『『悪霊』神になりたかった男』ほか

亀山邦夫『『悪霊』神になりたかった男』を読了。
スタヴローギンの「告白」という「いくつもの真実を同時に隠しもつ、永遠に解くことのできない、開かれたテクスト」(146頁)に仕掛けられた、あるいは隠蔽されたさまざまな謎──「告白」の文体はなぜ「壊れている」のか、母親に鞭打たれながらマトリョーシャはなぜ「奇妙な声をあげて」泣いていたのか、なぜルソーの名が出てくるのか、スタヴローギンの世界遍歴の謎(ゲッテインゲンでまる一年聴講したのは誰の講義だったのか、最後に行ったアイスランドで何を見たのか)、マトリョーシャ=スタヴローギンはなぜ縊死したのか、等々──をくねくねと迂回しながら解明しつつ「ドストエフスキー文学のはかり知れぬ恐ろしさ」すなわち「意識という恐ろしさ、内なるポリフォニー(多声性)の地獄」(127頁)に迫る。
そしてスタヴローギン的な狂気=ニヒリズム、すなわち世界をたんに見る対象として突き放す「神のまなざし」の傲慢さへと解きいたる(158頁)。
「九月十一日、神は死んで、人々が神になった」。


東京新聞取材班『破綻国家の内幕』を読了。
ついでにウッドハウス暎子『日露戦争を演出した男 モリソン』下巻と福岡伸一『もう牛を食べても安心か』と柳田邦男編『阪神・淡路大震災10年』と青木和夫他『古典の扉 第1集』と日向一雅『源氏物語の世界』と廣野由美子『批評理論入門』を読了。
ほんとうはどれも最後まで完璧に読み切ってはいないけれど、もうたぶん読むことはないだろうと思ってこの際「棚卸し」をすることにした。
福岡伸一さんの本は『ソトコト』の連載で断片的に語られていたことの集大成で、ほとんど思想書
『古典の扉』では養老孟司さんの『解体新書』と木田元さんの『存在と時間』も面白かったけれど(いつにかわらぬ養老節と木田節)、『ドン・キホーテ』への関心が高まったのが思わぬ拾いもの。

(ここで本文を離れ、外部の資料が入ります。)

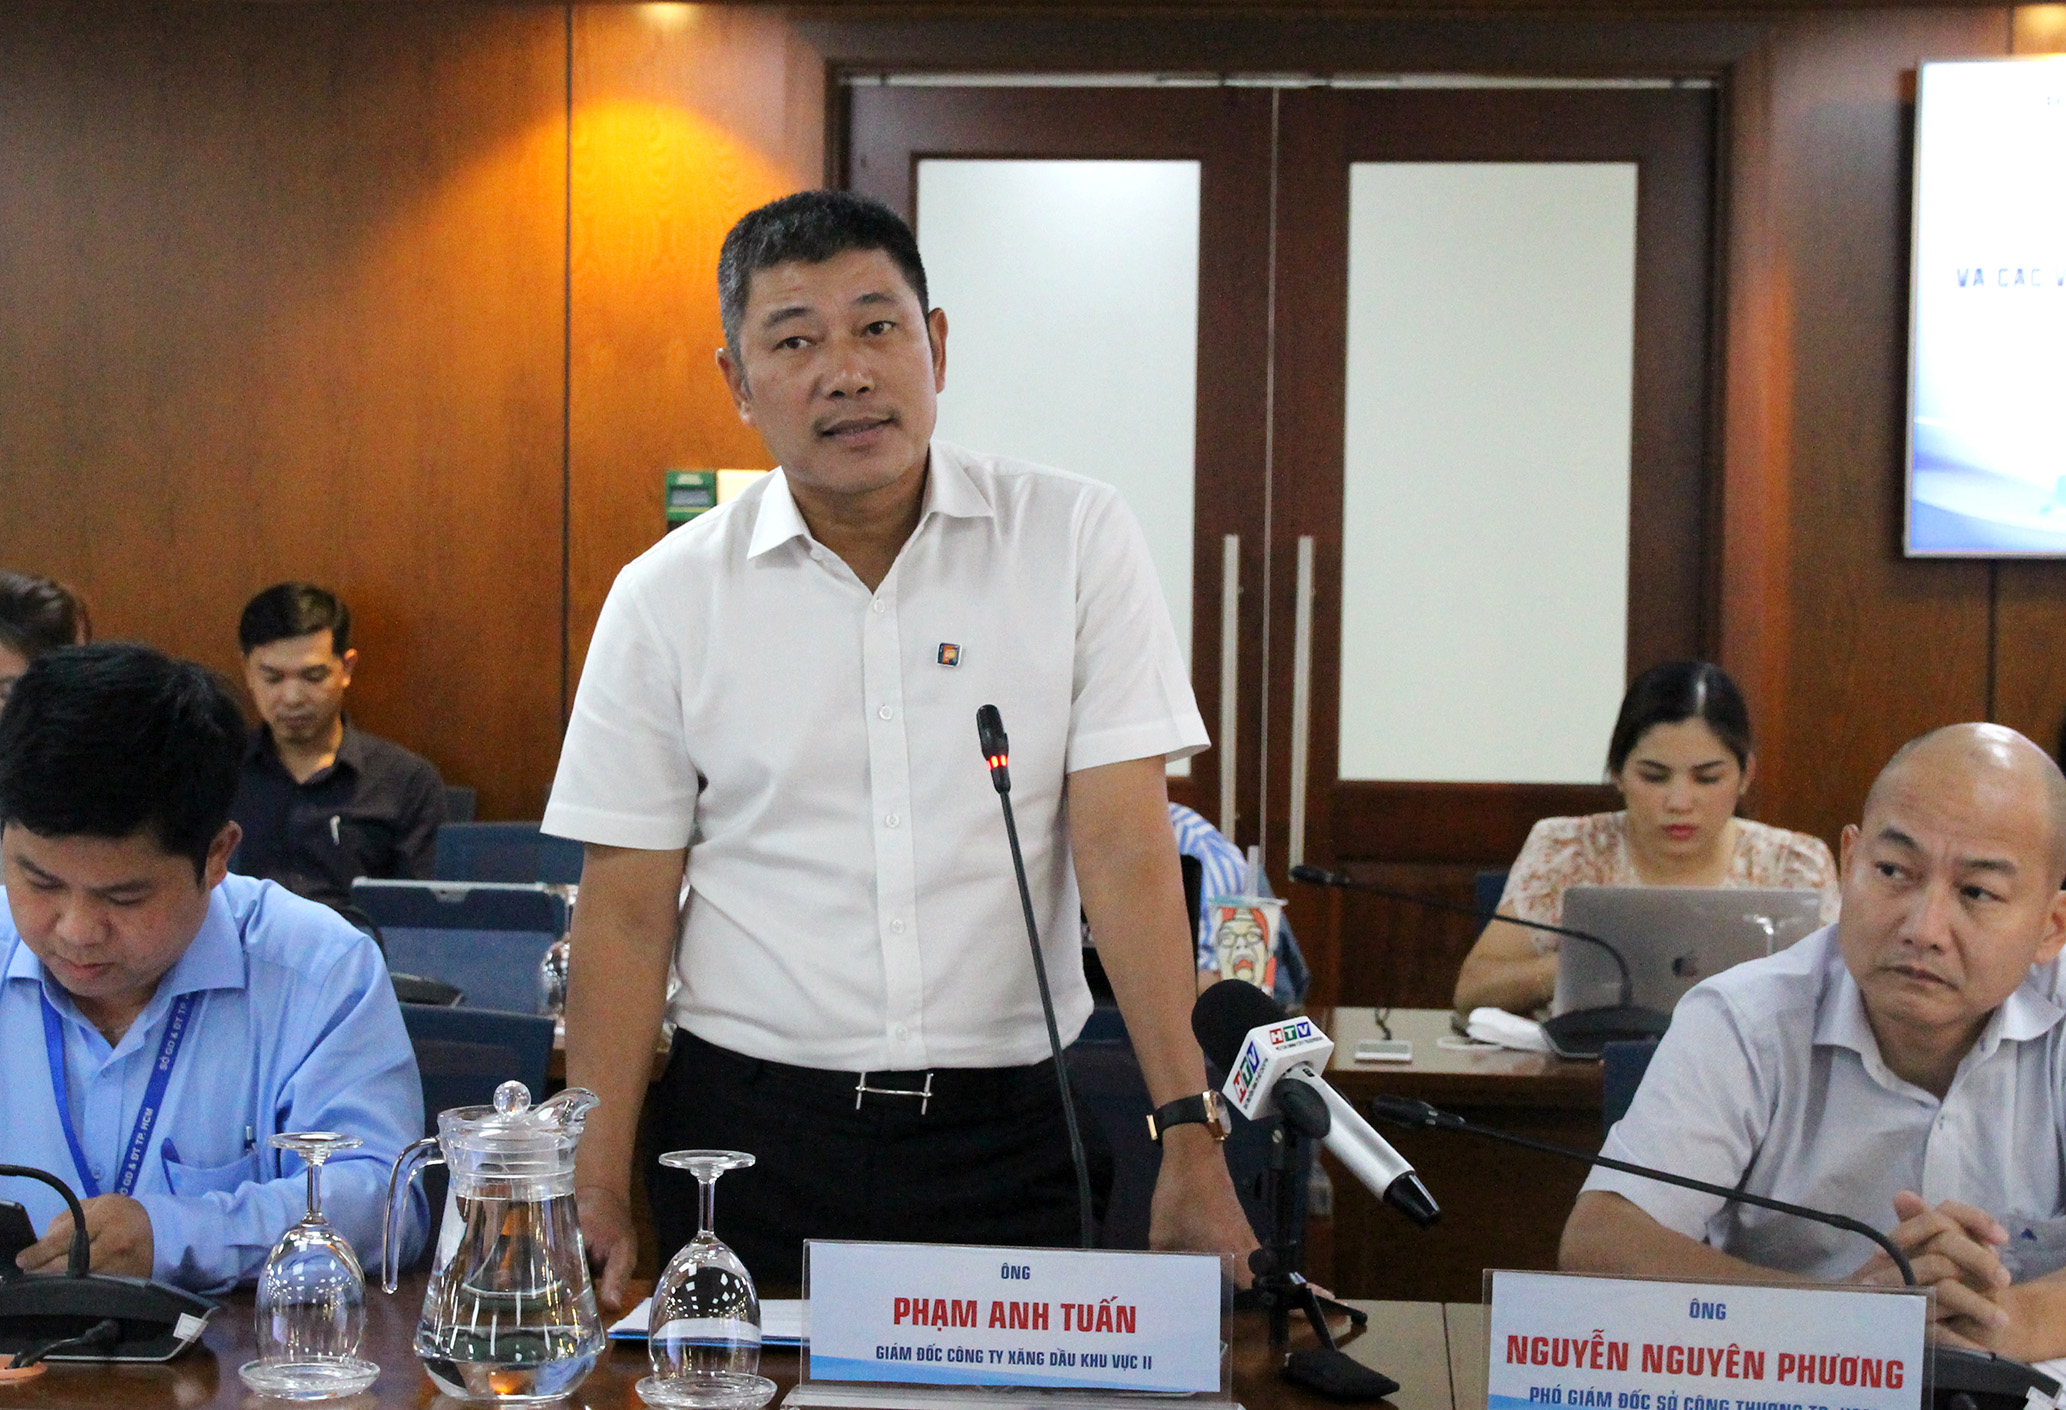 Đồng chí Phạm Anh Tuấn, Giám đốc Công ty Xăng dầu khu vực II (Petrolimex Sài Gòn) phát biểu (Ảnh: HH)

源氏物語の世界』は源氏物語という「複数の主題を重層させる小宇宙であり、多義的多面的な構造の作品」(9頁)の世界を垣間見せてくれた。
ひところ大切に読み進めていたのだが、源氏没後の匂宮や薫や浮舟の物語をパスしてしまった。
いつか読むかもしれない。
『Wの悲劇』に続いて『セーラー服と機関銃 完璧版』を観た。
これもほぼ二十年ぶり。やや冗長で間延びした感じ。